WORK ITEM: All the lines below should be set down exactly, with no picture carried into the copy.

GIVEN MATERIAL:
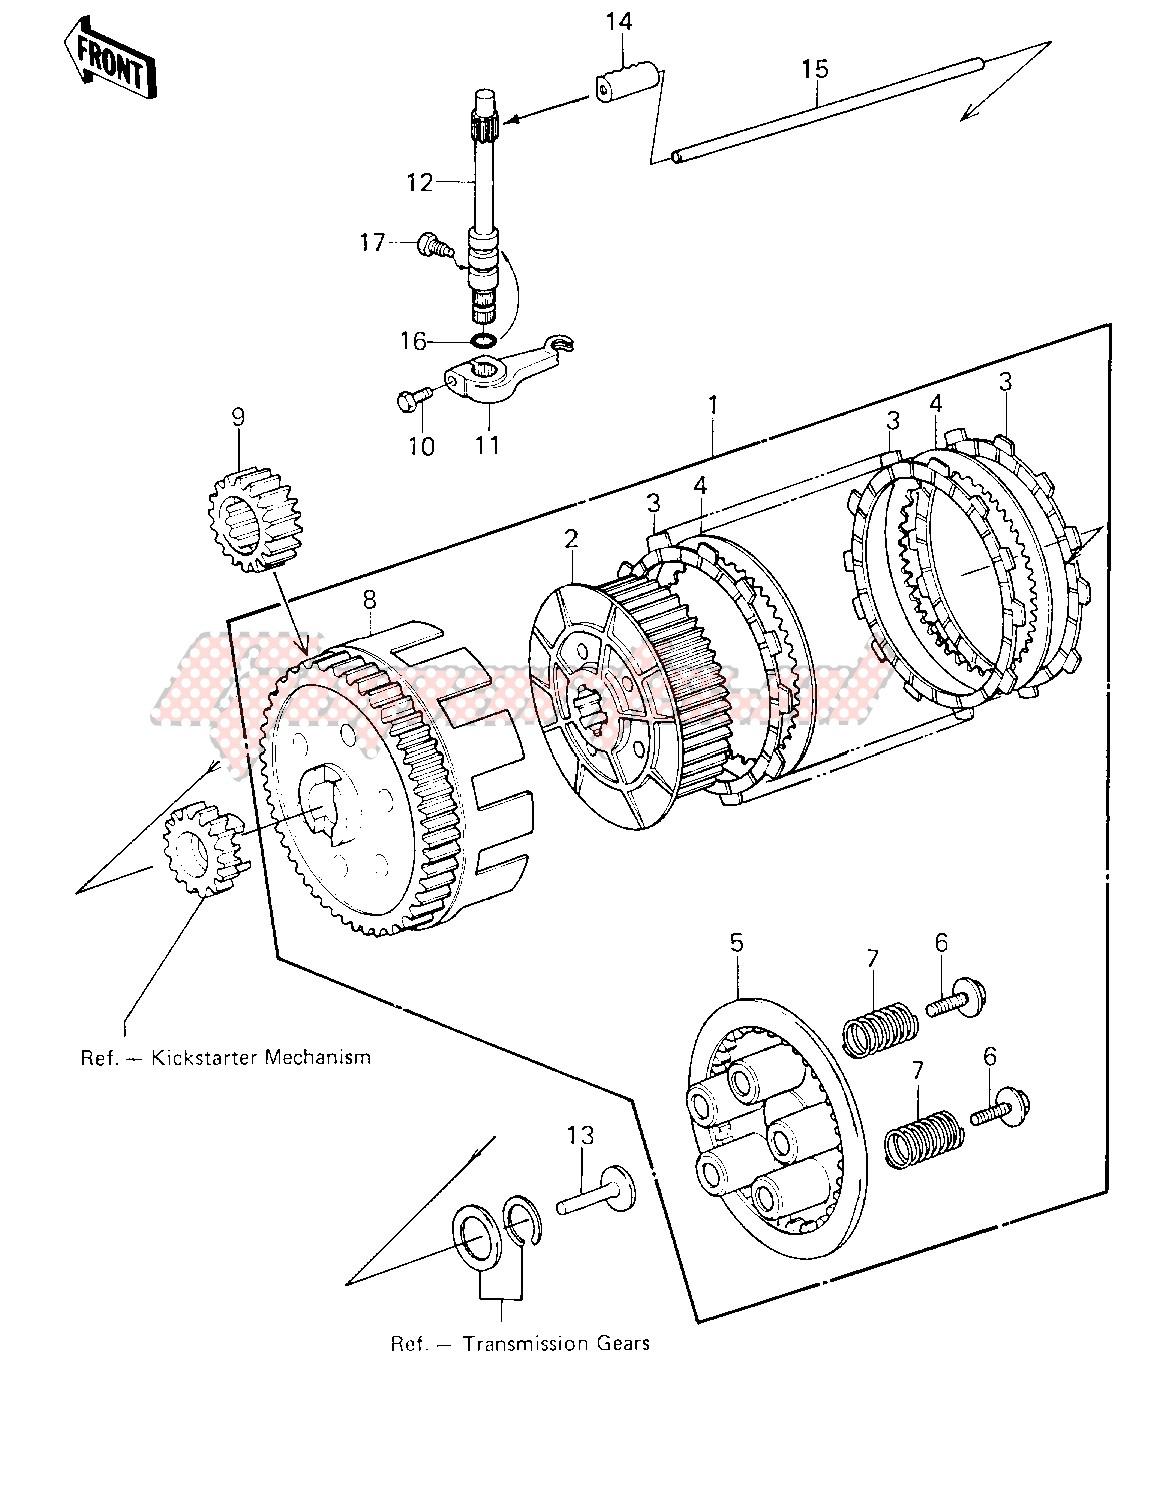 CLUTCH -- 81-82 KLT200-A1_A2_A3- - image
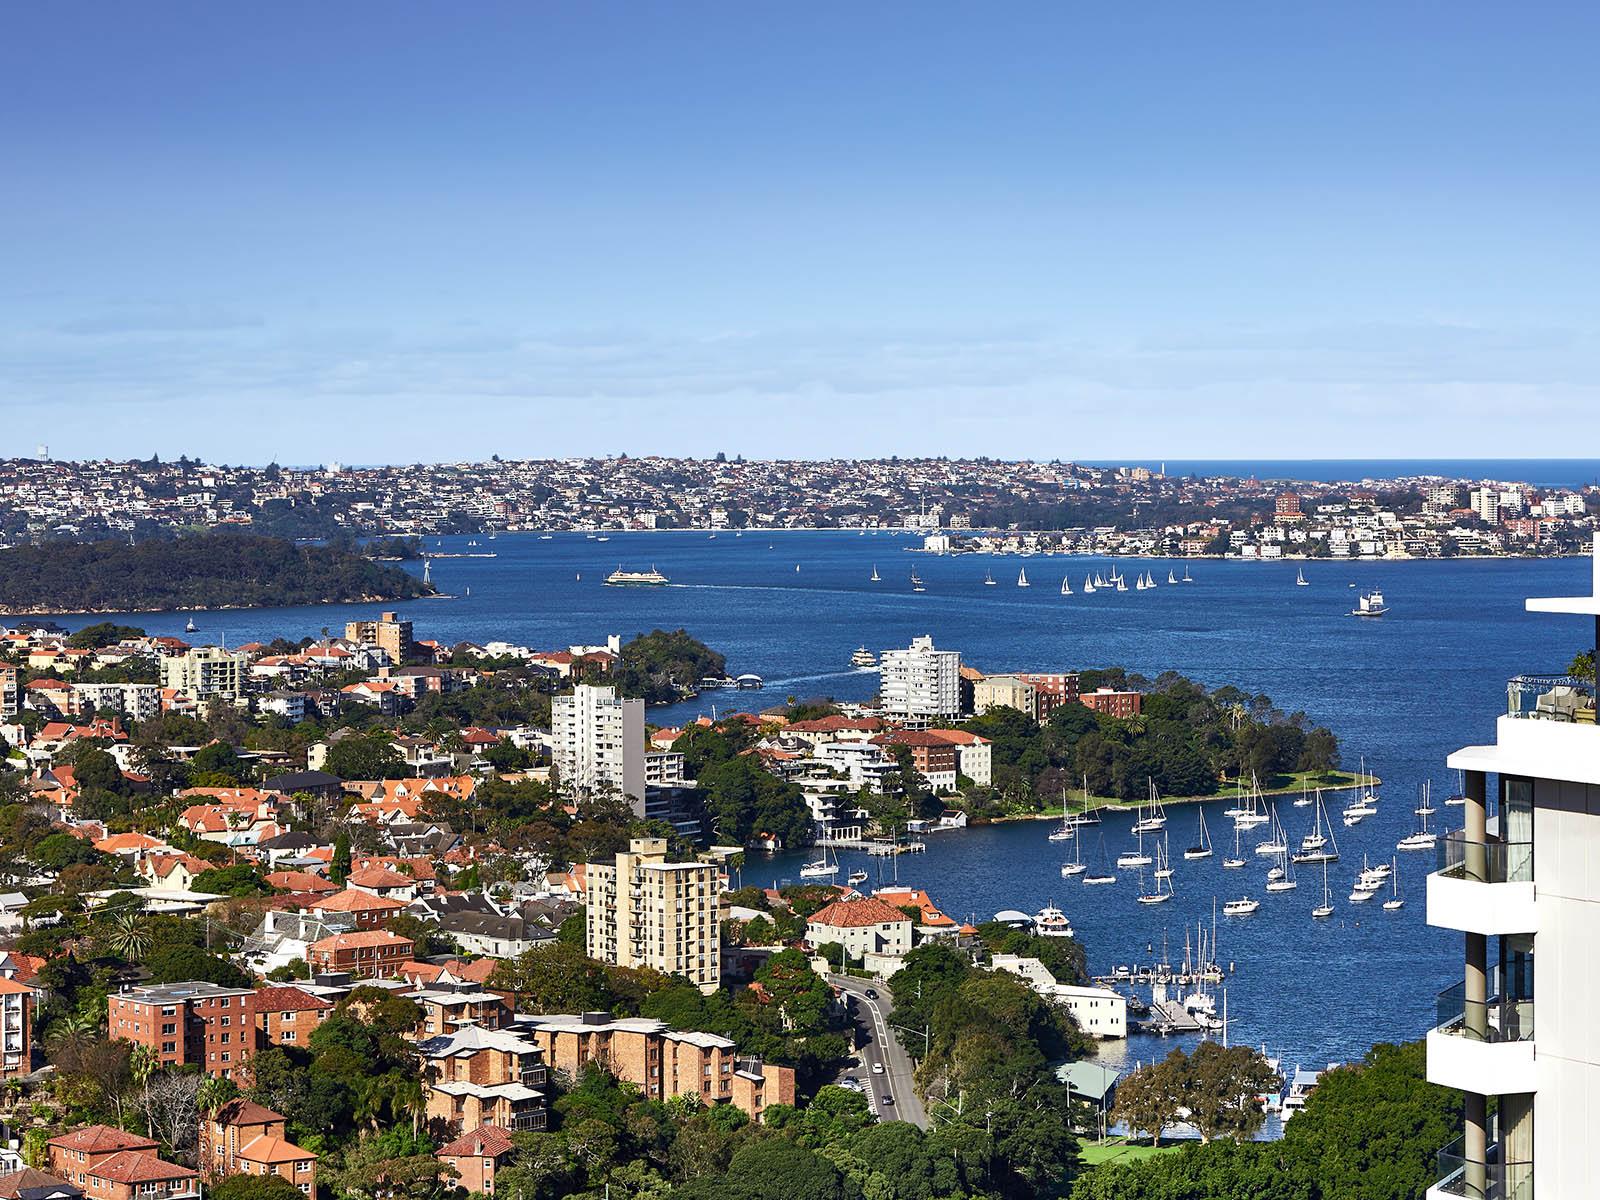 Apartment - 229-Miller-Street--North-Sydney-2060 - CBRE ...
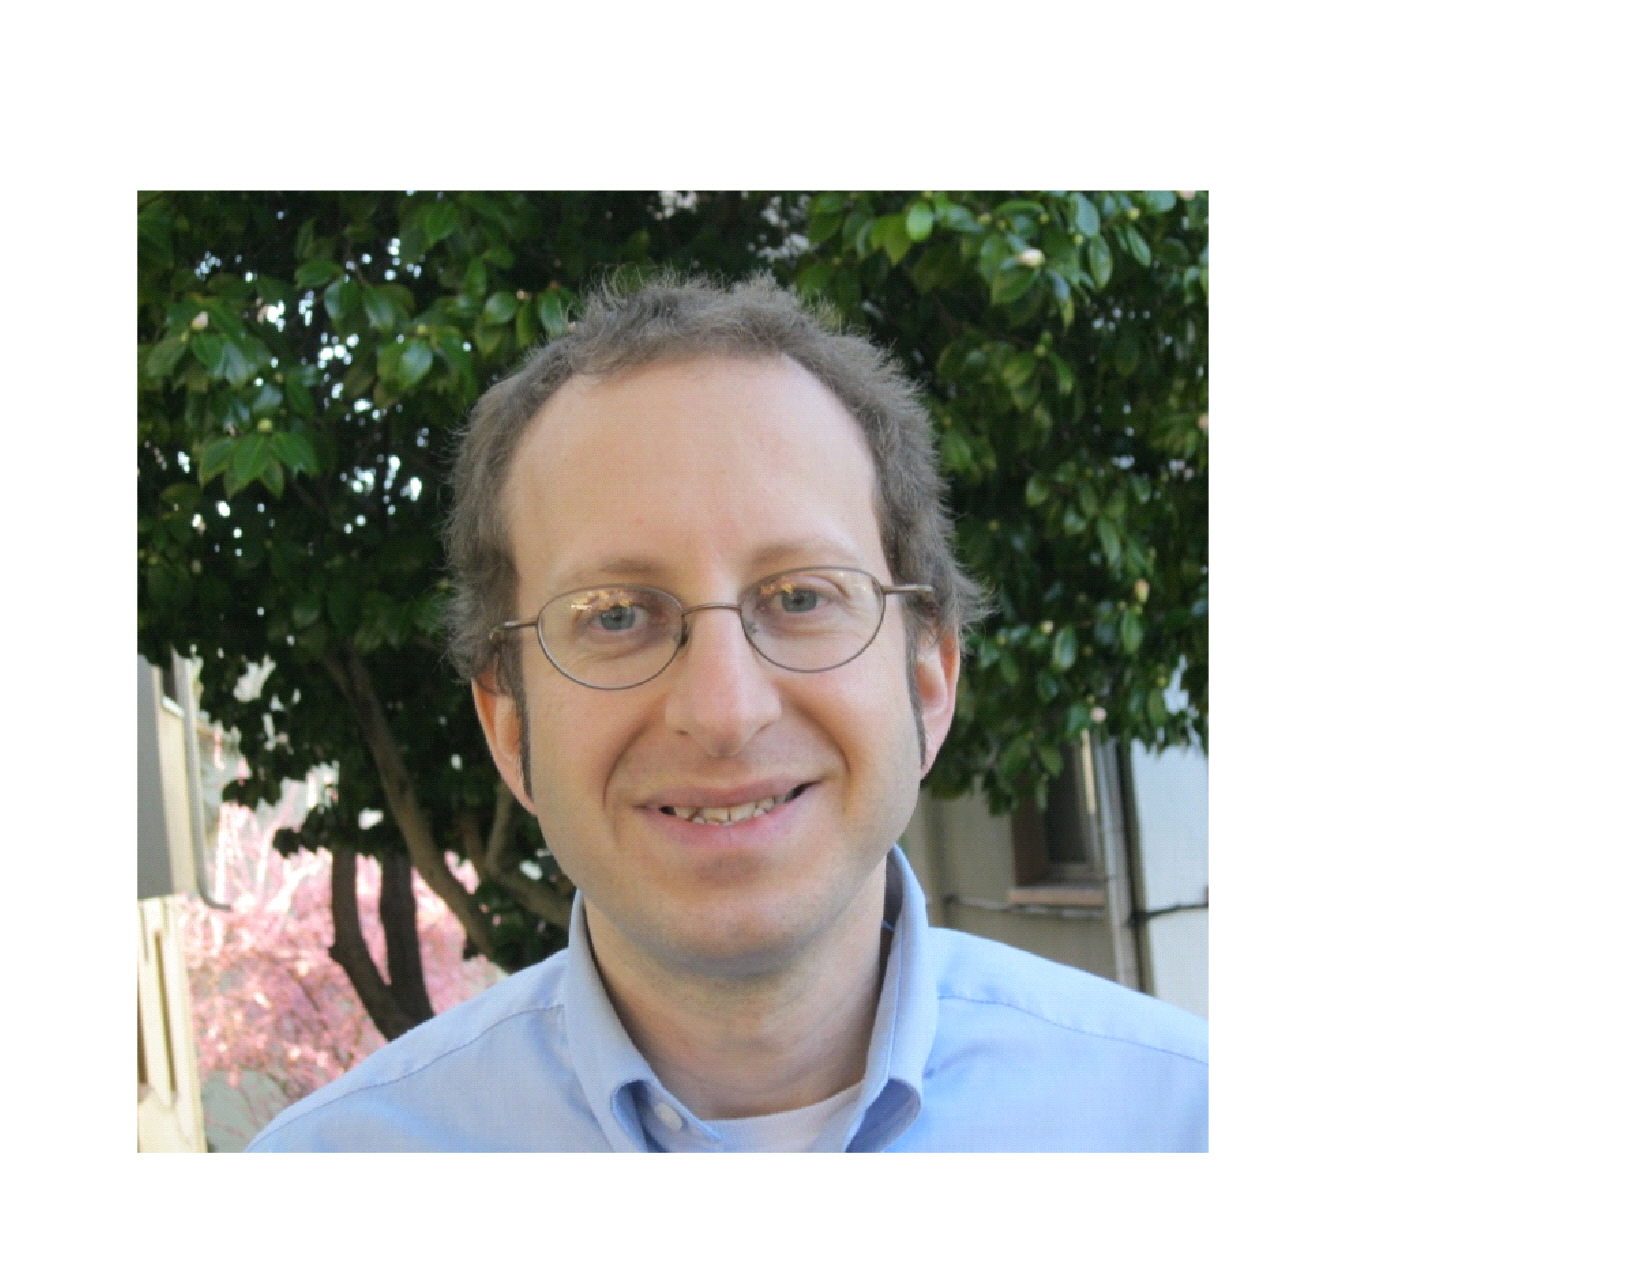 Gabriel Steinfeld, proofreading

SOLVED EXERCISE:
 CLUTCH -- 81-82 KLT200-A1_A2_A3- - image
 Apartment - 229-Miller-Street--North-Sydney-2060 - CBRE ...
 Gabriel Steinfeld, proofreading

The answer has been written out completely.